[Exercise requirements]:
Would you write out the listing verbatim and skip every picture in it?

Top of Information shown

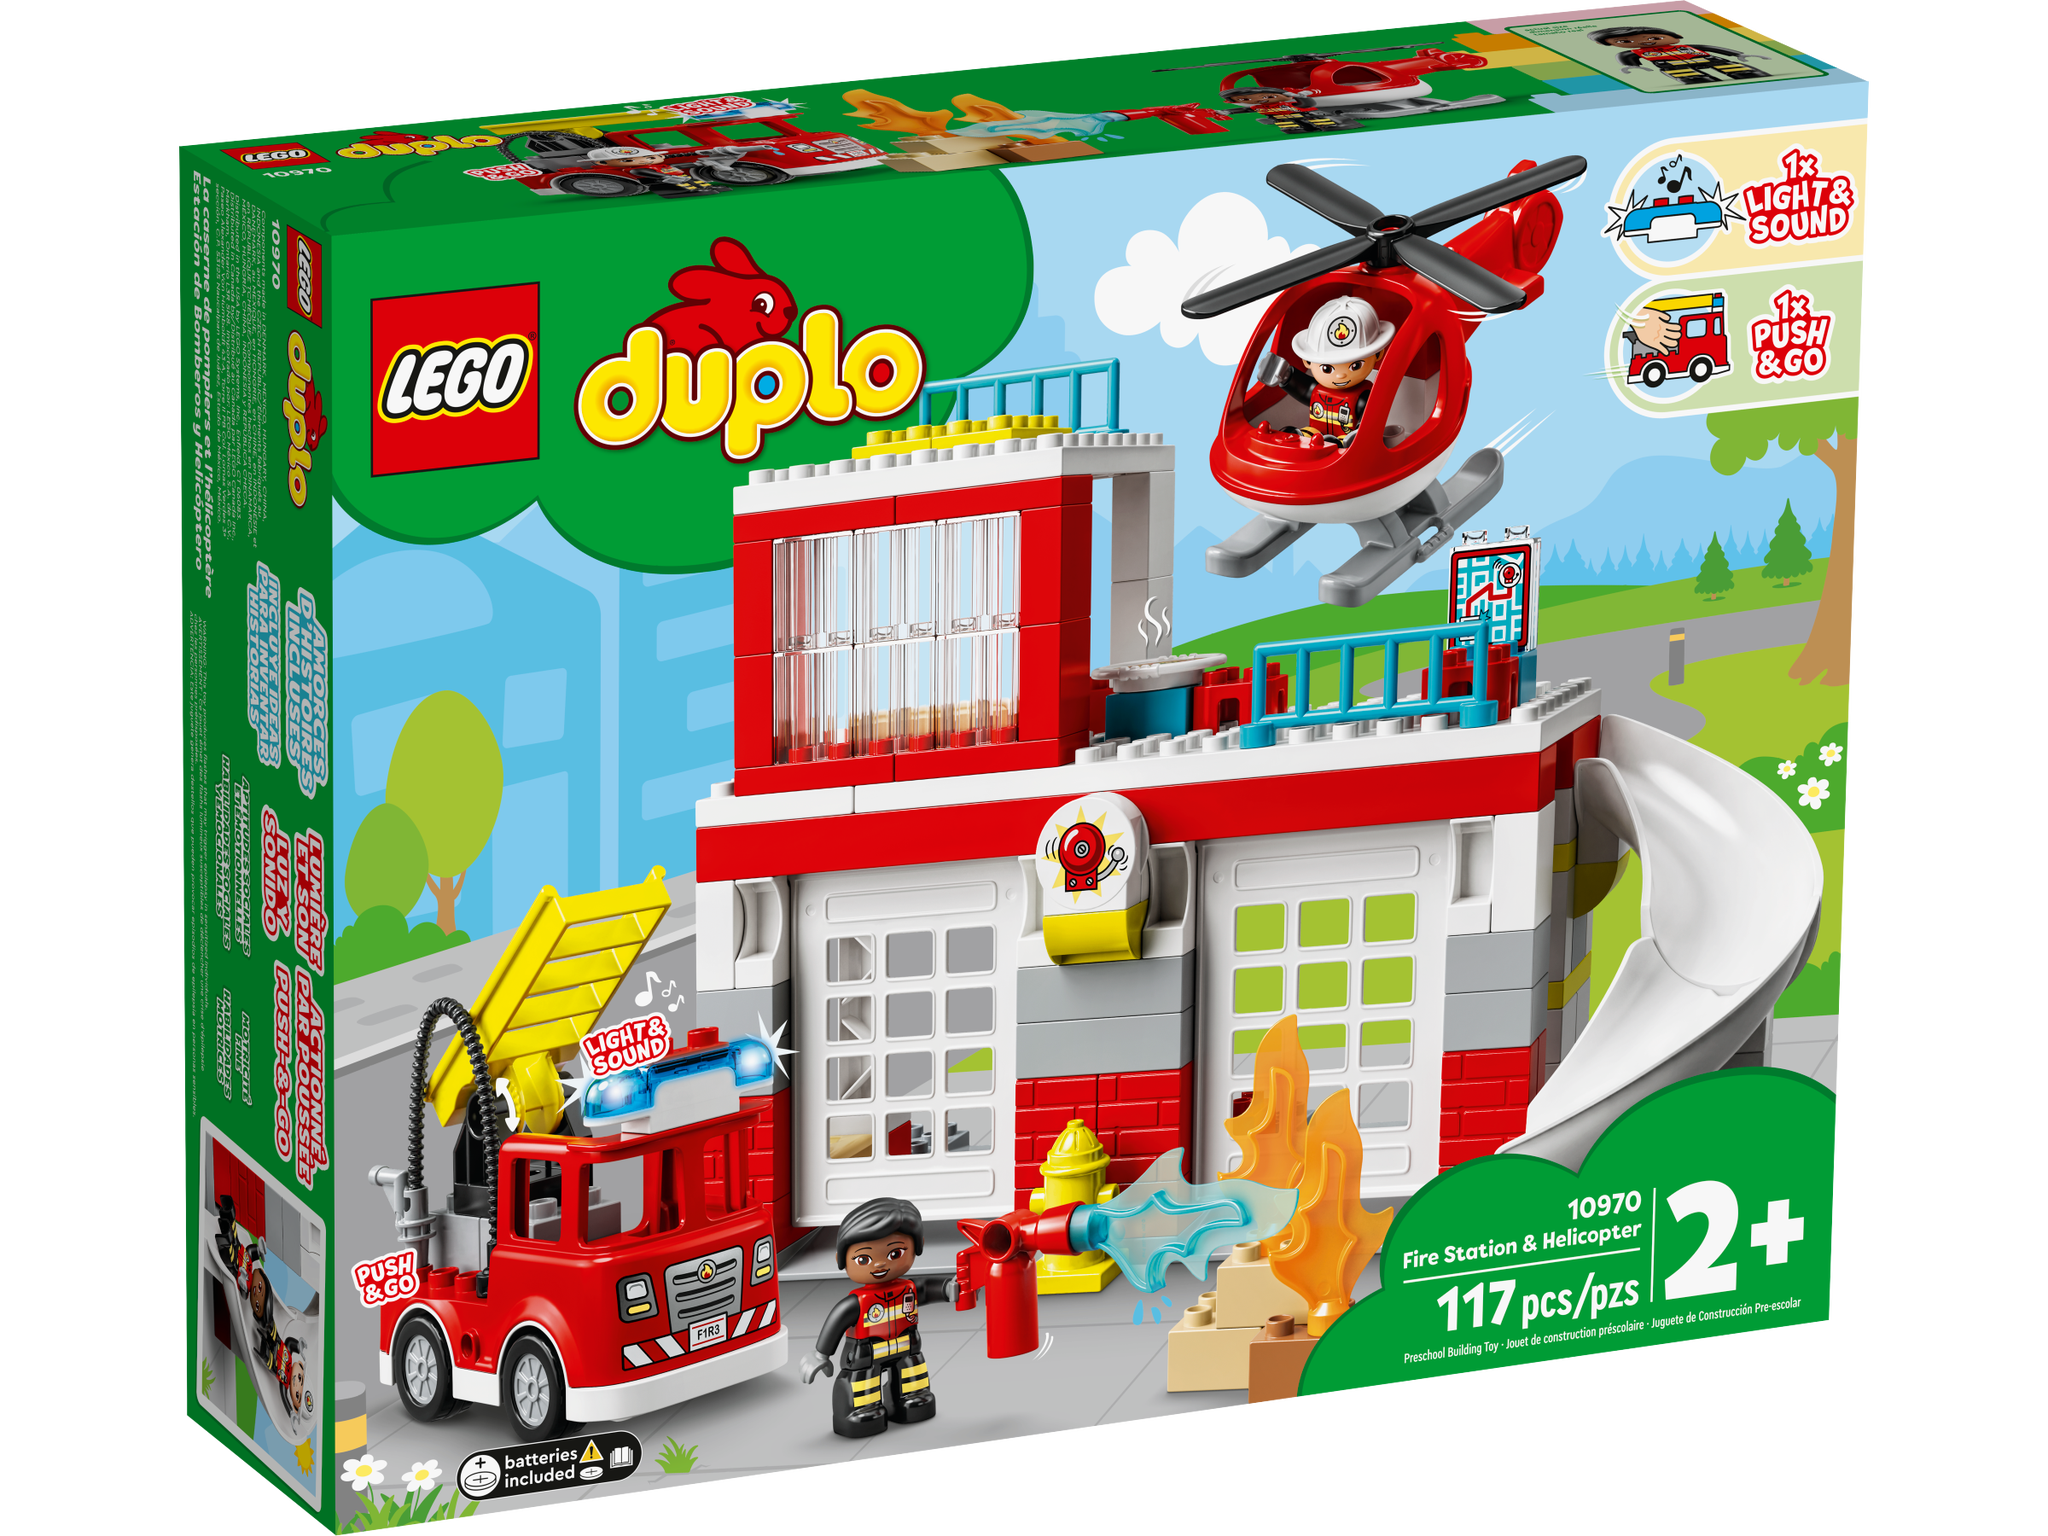 LEGO Duplo Feuerwehrwache mit Hubschrauber (10970) - im GOLDSTIEN.SHOP verfügbar mit Gratisversand ab Schweizer Lager! (5702017153681)
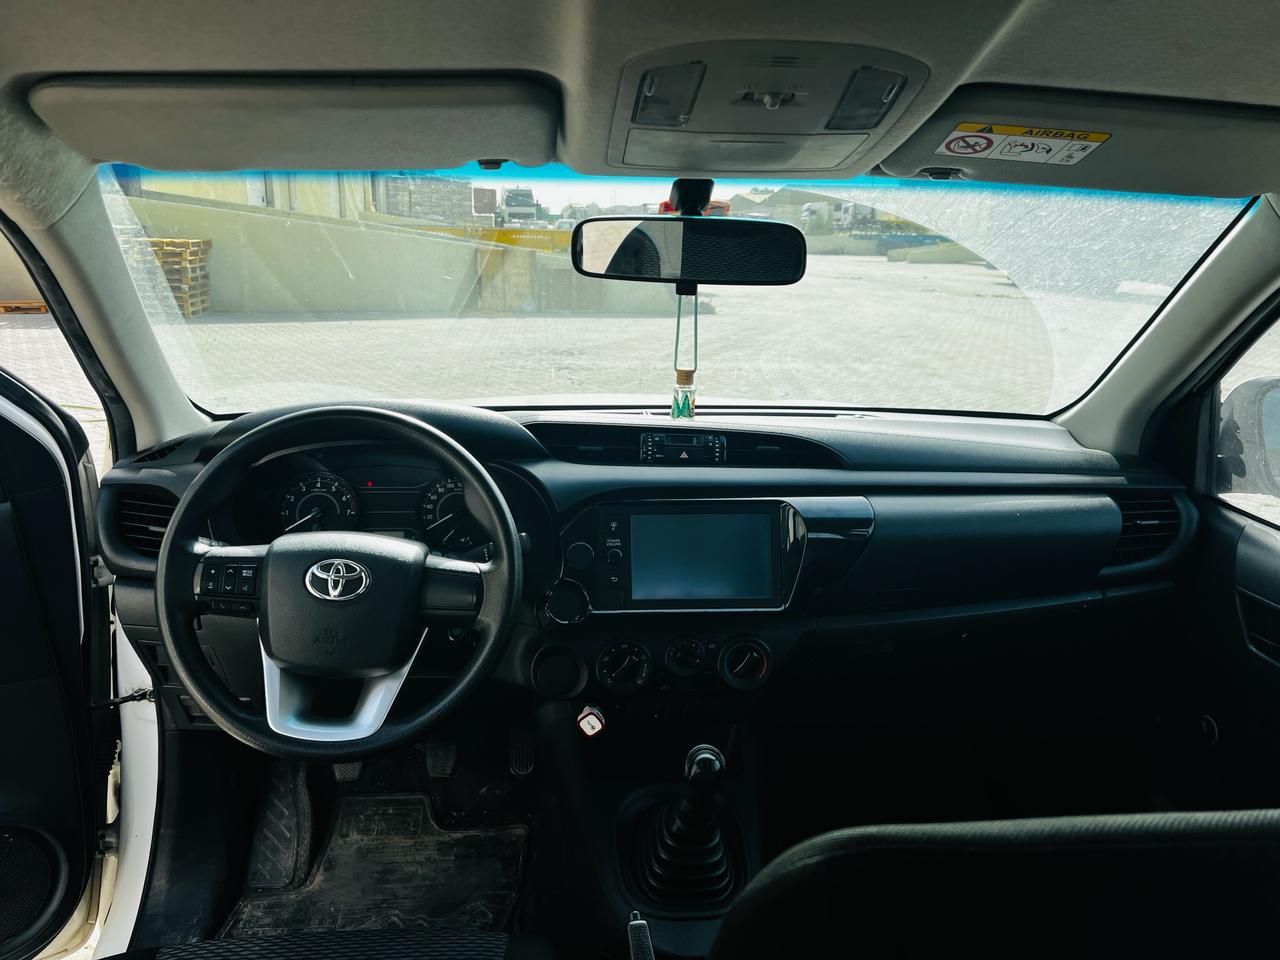 Toyota Hilux Cabin door 6 seat
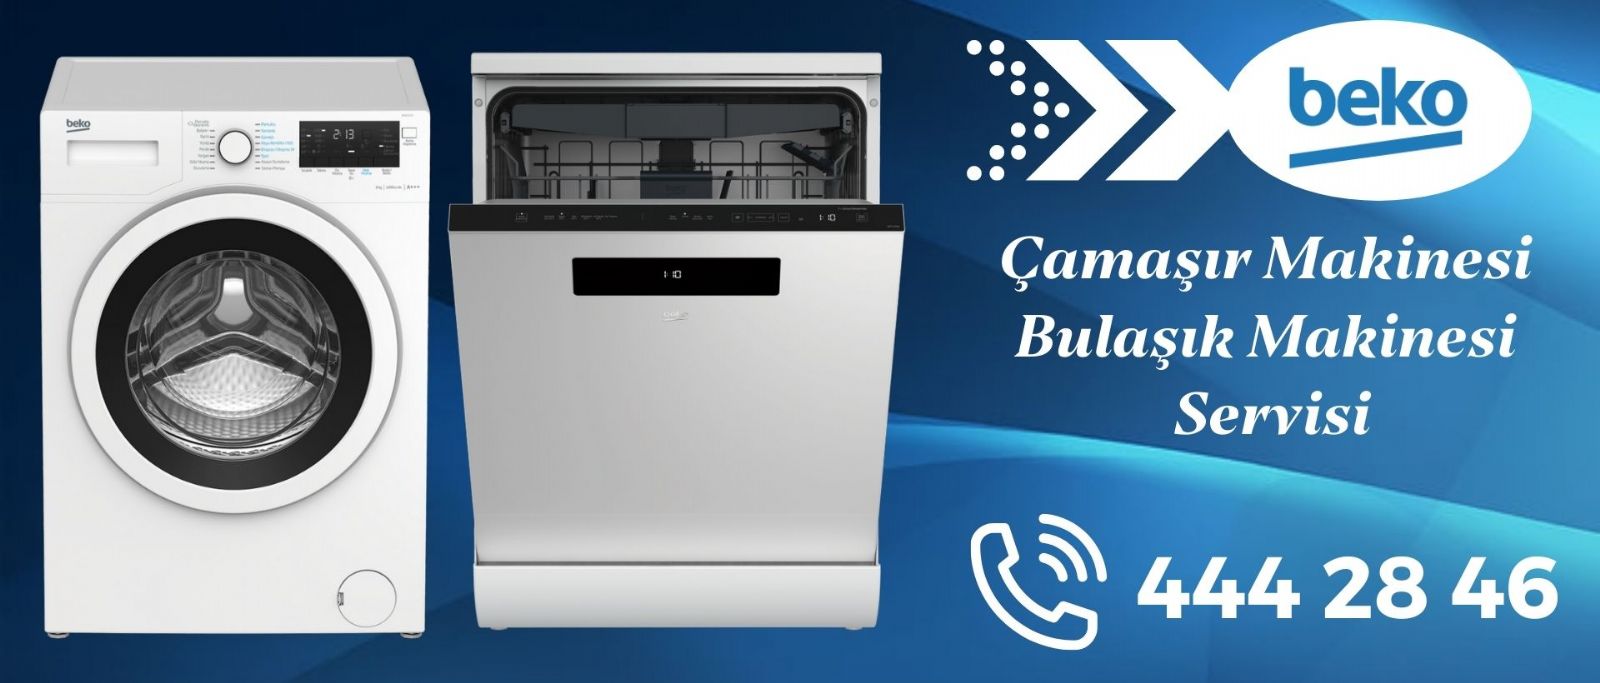 İzmir Beko Çamaşır-Bulaşık Makinesi Servisi
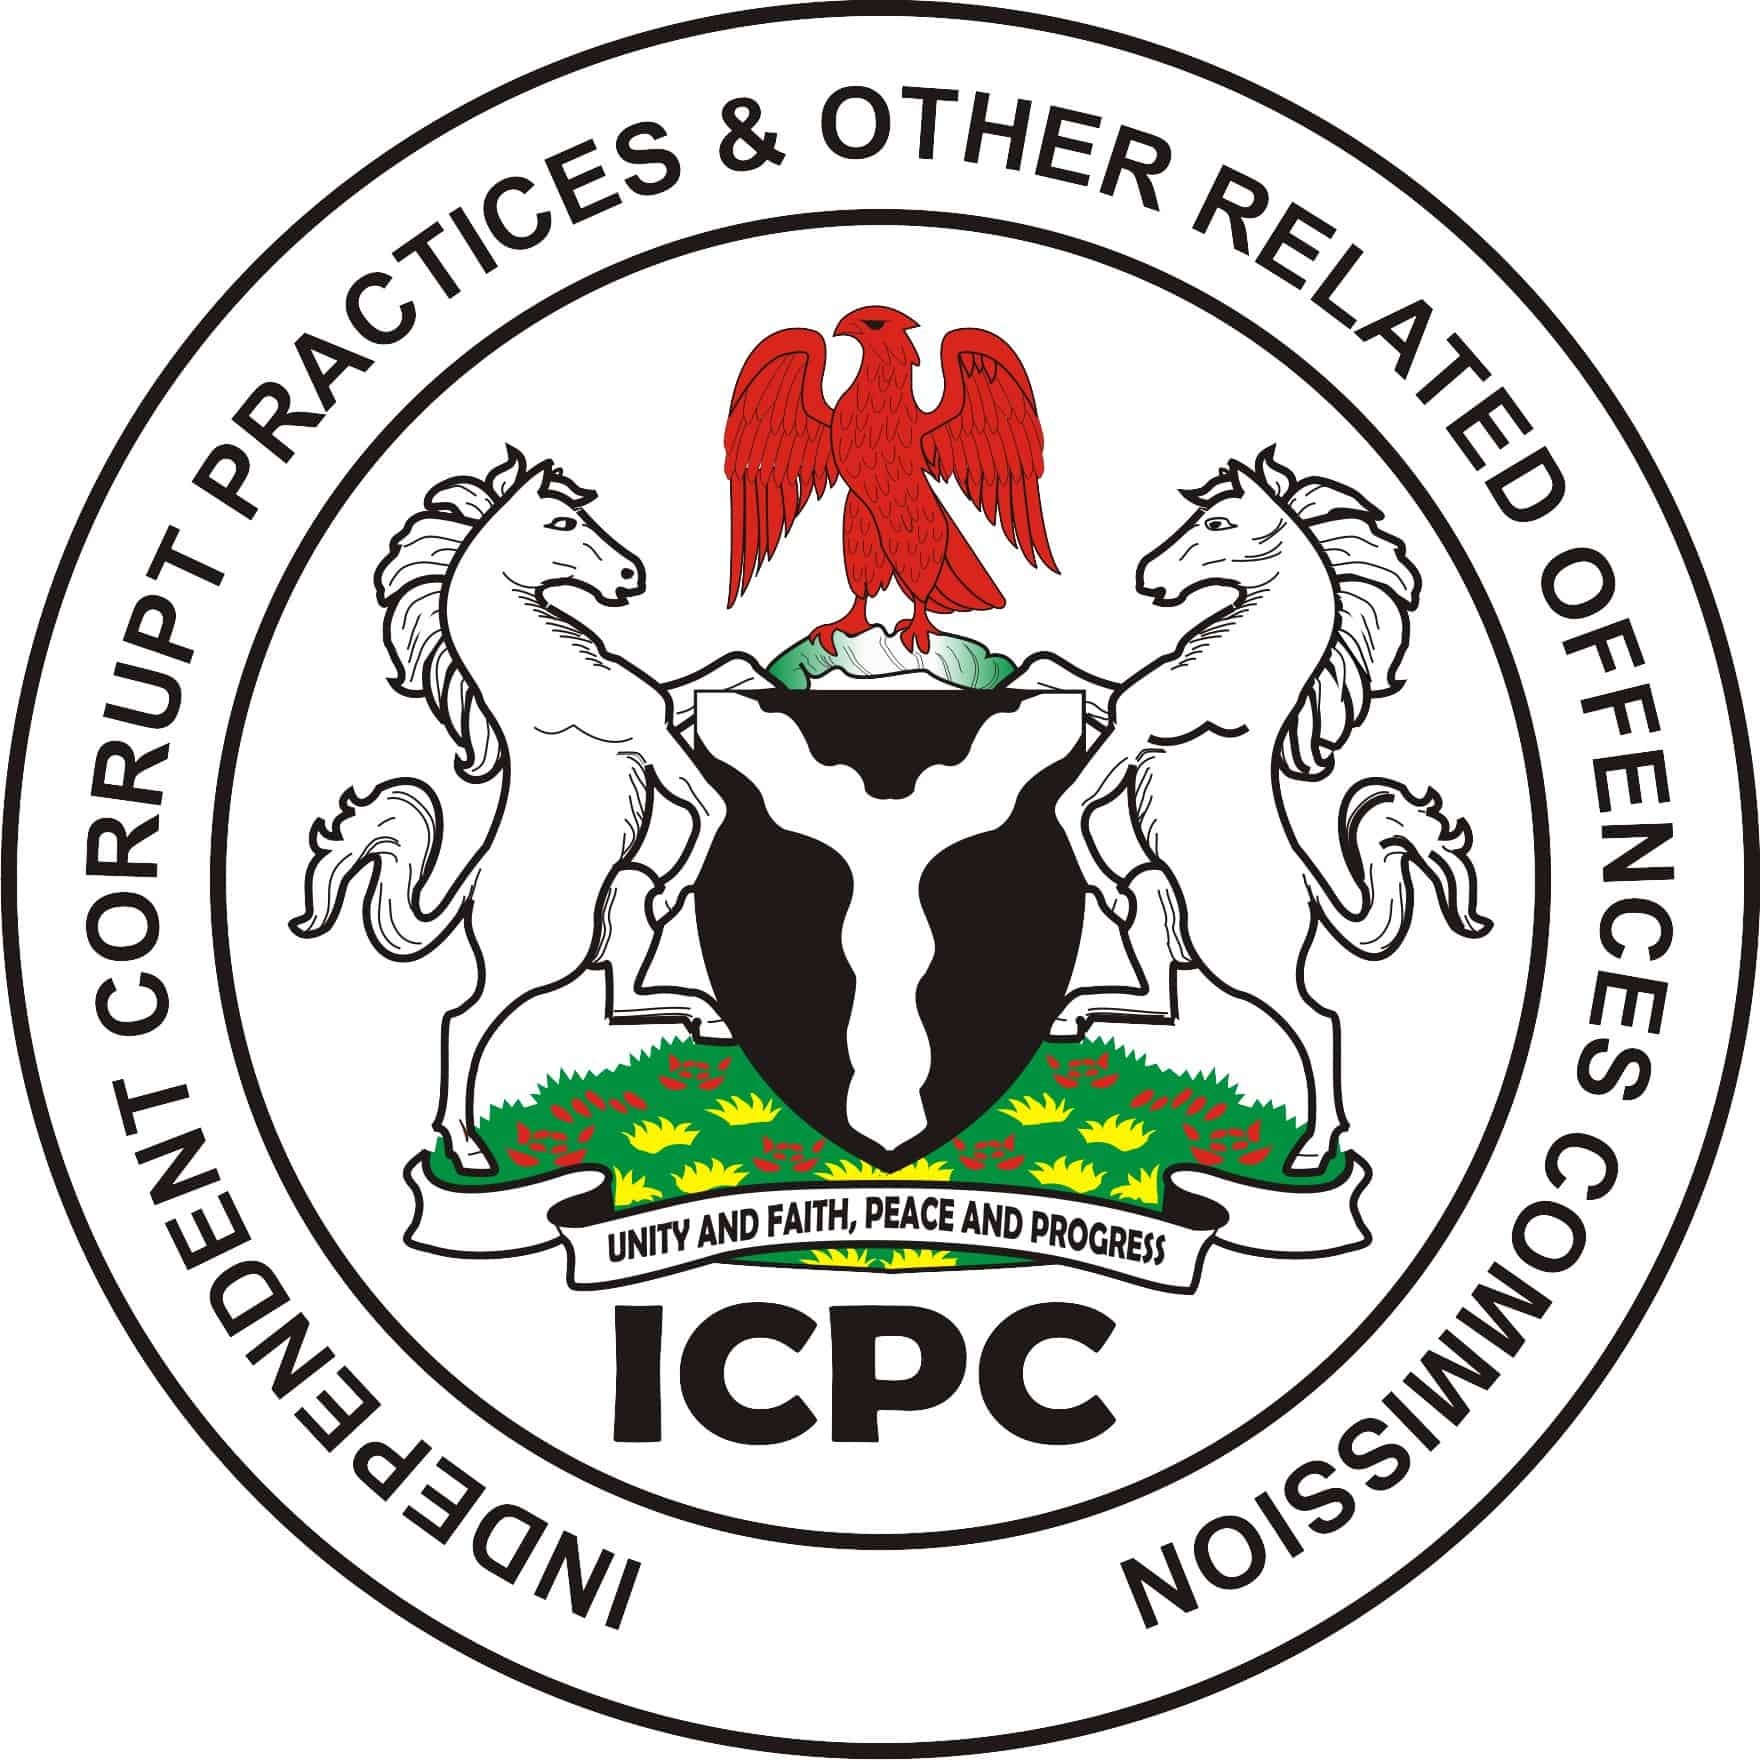 ICPC Shuts Illegal Institutions

Bottom of Information shown

[Answer below]:
 LEGO Duplo Feuerwehrwache mit Hubschrauber (10970) - im GOLDSTIEN.SHOP verfügbar mit Gratisversand ab Schweizer Lager! (5702017153681)
 Toyota Hilux Cabin door 6 seat
 İzmir Beko Çamaşır-Bulaşık Makinesi Servisi
 ICPC Shuts Illegal Institutions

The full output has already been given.